Described resin component element (70,71,72,73) described semiconductor element (20,21,22 is sealed, 23) and comprise described circuit board (B1, B2, B10, B11, B12, B13) in resilient coating (50,51) described circuit board (B1, B2, the B10 of outer peripheral face, B11, B12, B13) whole surface.

2. semiconductor device according to claim 1 (10), wherein, described insulating barrier (40,41) is ceramic layer (40,41).

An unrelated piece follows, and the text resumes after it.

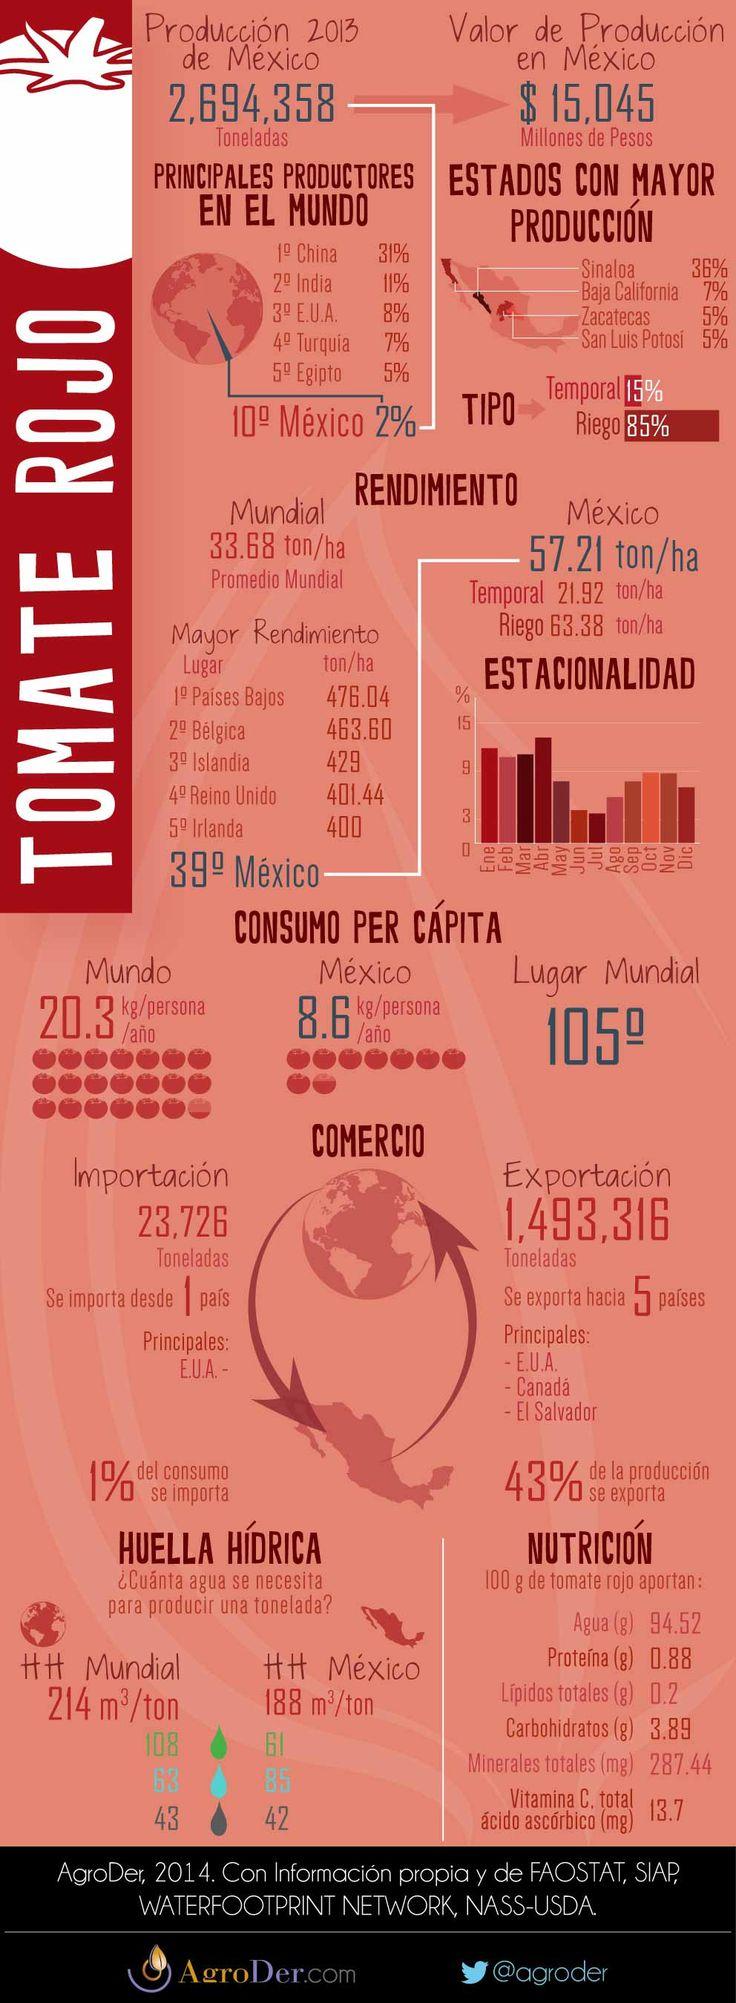 Infografía - Tomate Rojo en México, 2013.

3. a method for manufacture semiconductor device (10), comprising:

Radiator component (60,62,63) is provided;

Circuit board (B1, B2, B10 are provided, B11, B12, B13), it comprises insulating barrier (40,41) wiring layer (30 on a surface of described insulating barrier (40,41), is formed in, 31), and the resilient coating (50,51) be formed on another surface of described insulating barrier (40,41);

It is characterized in that,

Described method comprises described circuit board (B1, B2, B10, B11, B12, B13) described resilient coating (40, 41) described radiator component (60 is joined to, 62, 63), by semiconductor element (20, 21, 22, 23) described circuit board (B1 is joined to, B2, B10, B11, B12, B13) described wiring layer (30, 31), after above-mentioned two engagement step, with semiconductor element described in resin seal (20, 21, 22, 23) and comprise described circuit board (B1, B2, B10, B11, B12, B13) resilient coating (50 in, 51) the described circuit board (B1 of outer peripheral face, B2, B10, B11, B12, B13) whole surface.

4. the method for manufacture semiconductor device (10) according to claim 3, wherein said insulating barrier (40,41) is ceramic layer (40,41).